● What is required
The full listing, minus its pictures, should be printed again exactly as it stands.

● Collected material
^^^^^^^^
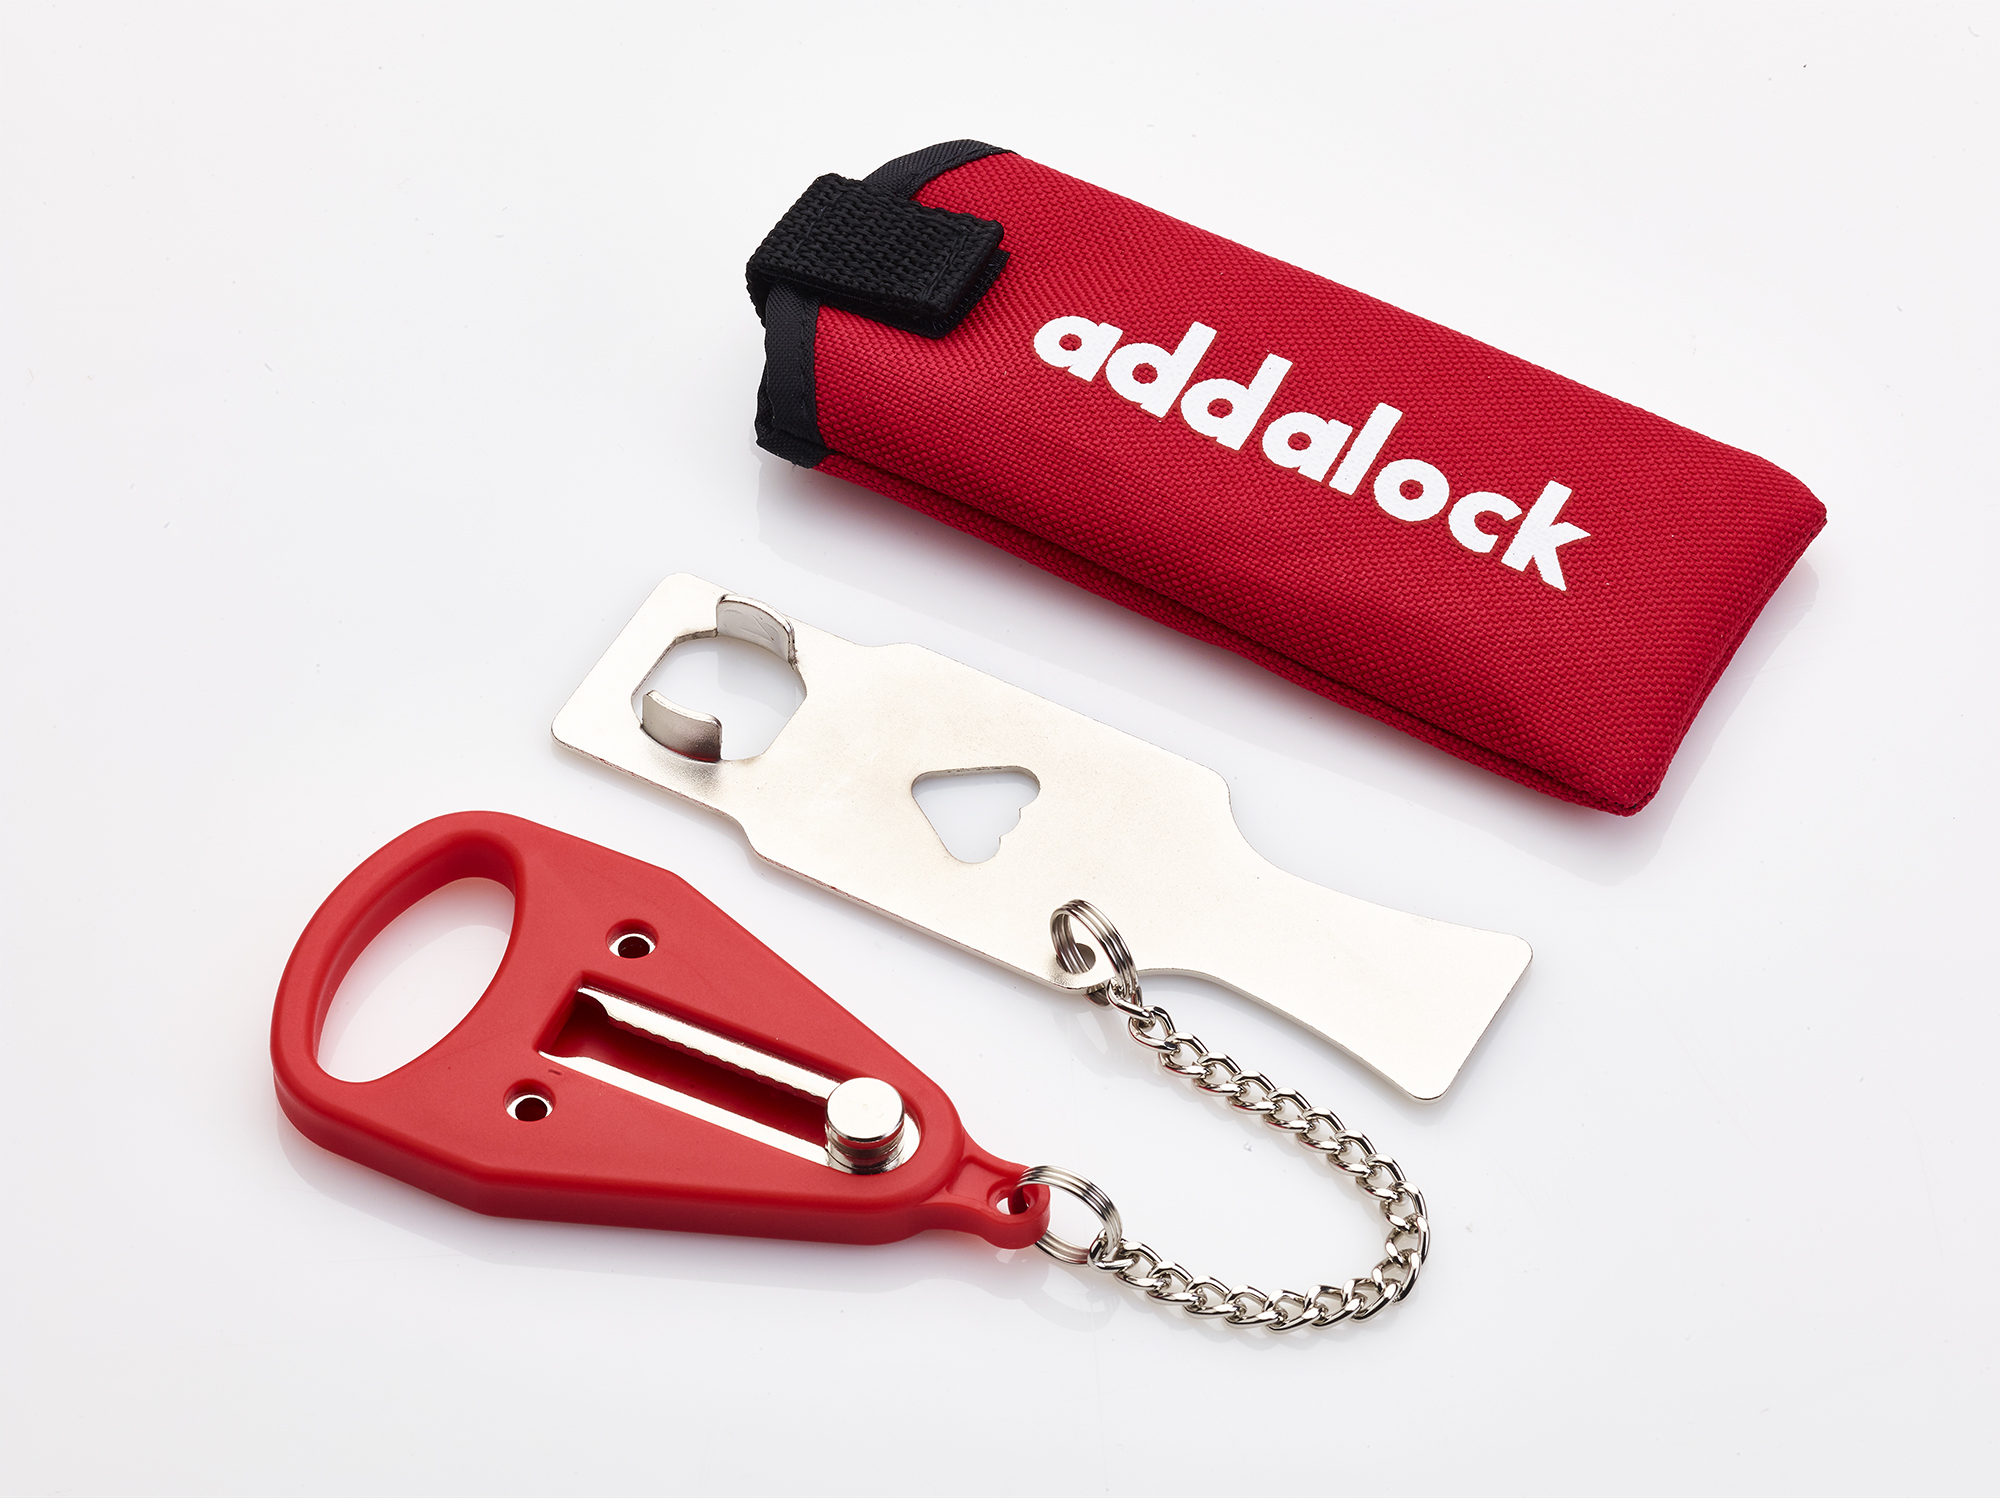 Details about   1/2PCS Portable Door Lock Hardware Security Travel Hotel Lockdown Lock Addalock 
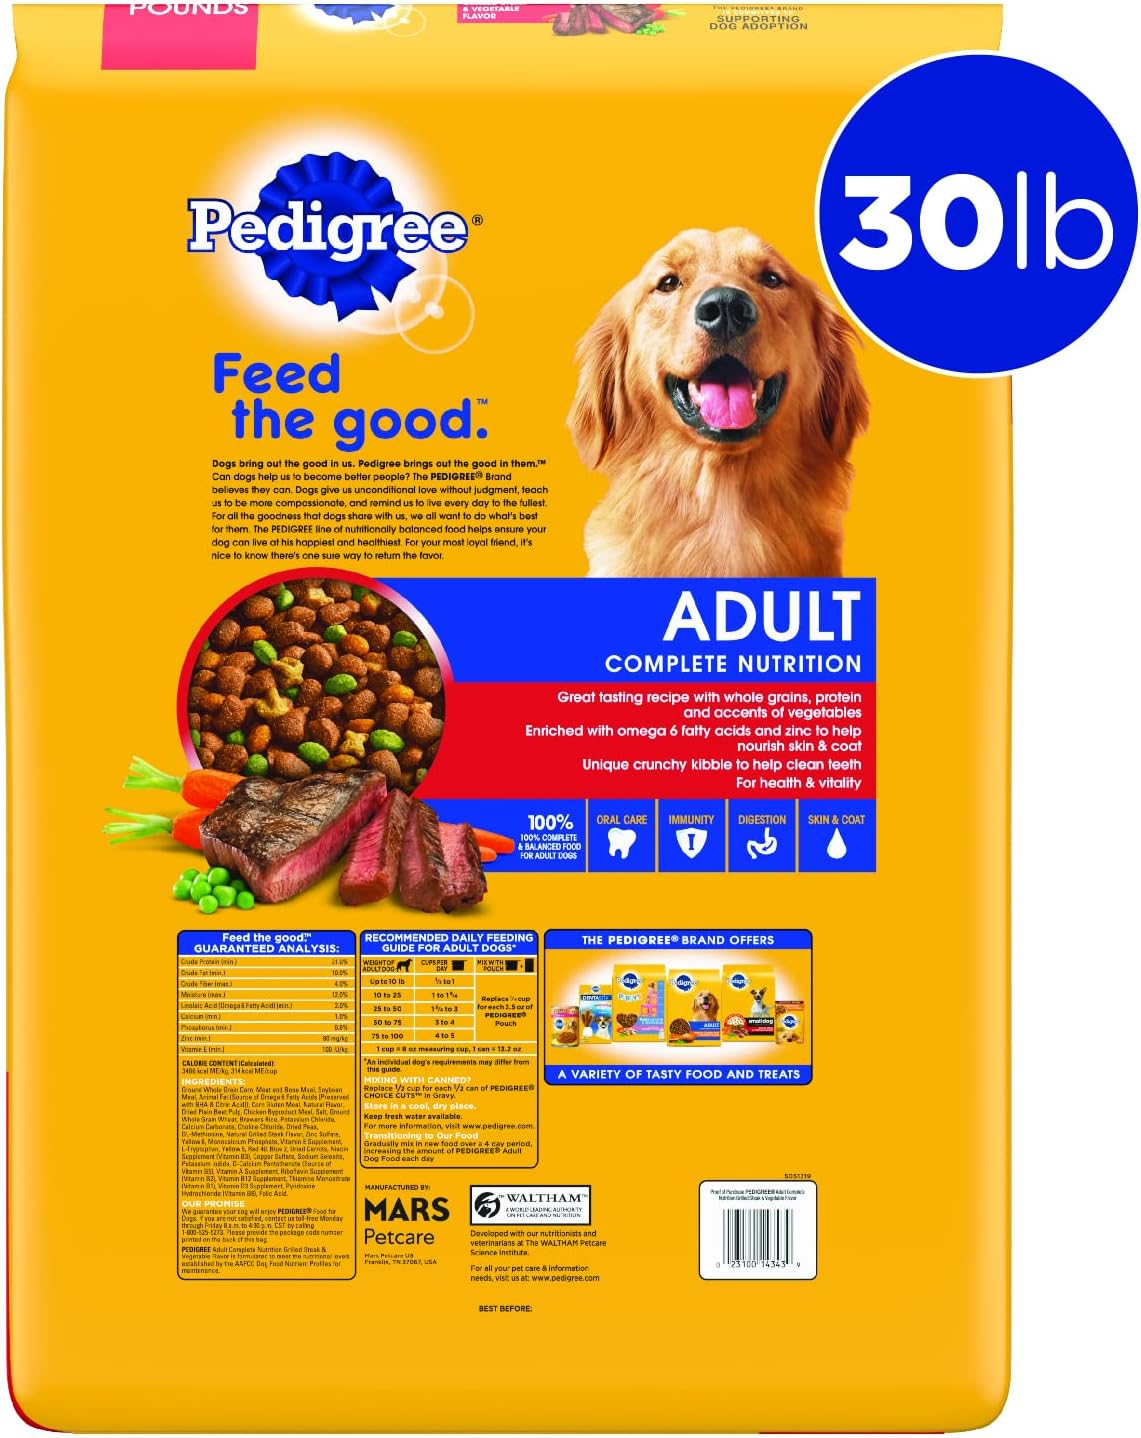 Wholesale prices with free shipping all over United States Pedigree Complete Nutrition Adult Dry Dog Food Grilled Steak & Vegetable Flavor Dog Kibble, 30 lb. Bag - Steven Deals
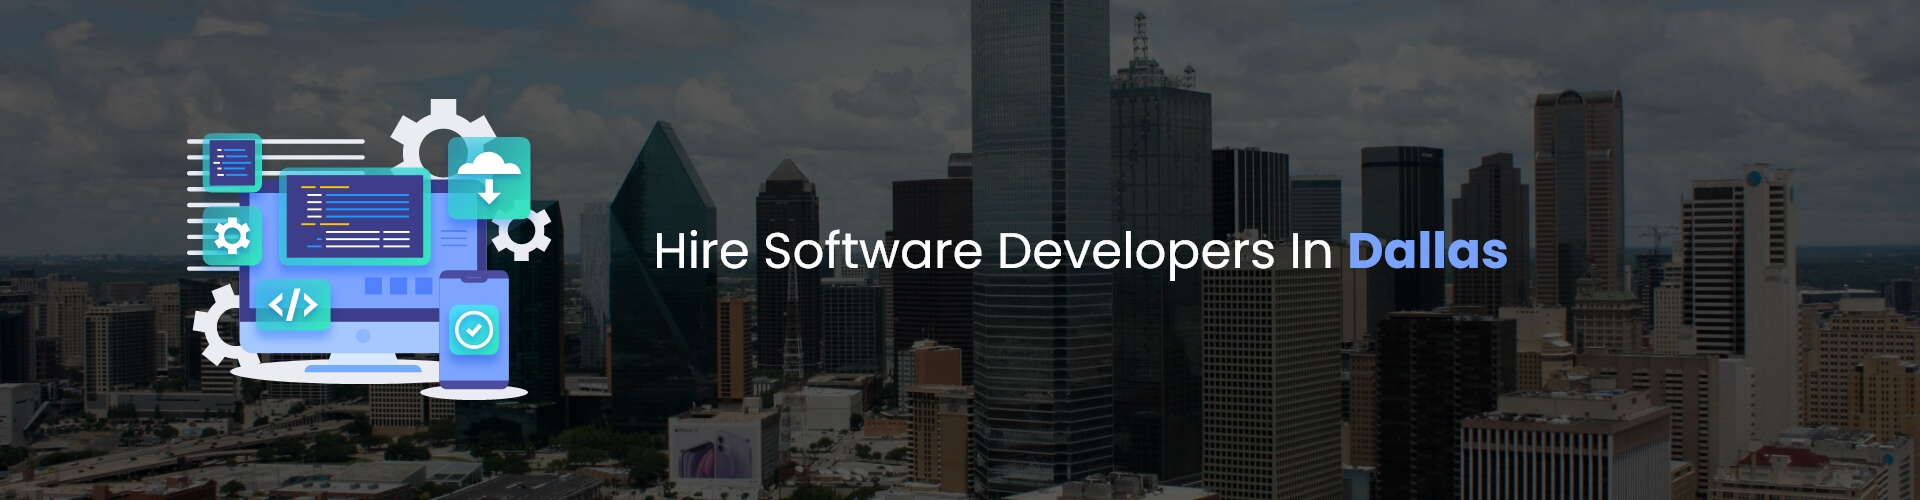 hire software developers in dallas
^^^^^^^^
● Answer to the exercise
 Details about   1/2PCS Portable Door Lock Hardware Security Travel Hotel Lockdown Lock Addalock 
 Wholesale prices with free shipping all over United States Pedigree Complete Nutrition Adult Dry Dog Food Grilled Steak & Vegetable Flavor Dog Kibble, 30 lb. Bag - Steven Deals
 hire software developers in dallas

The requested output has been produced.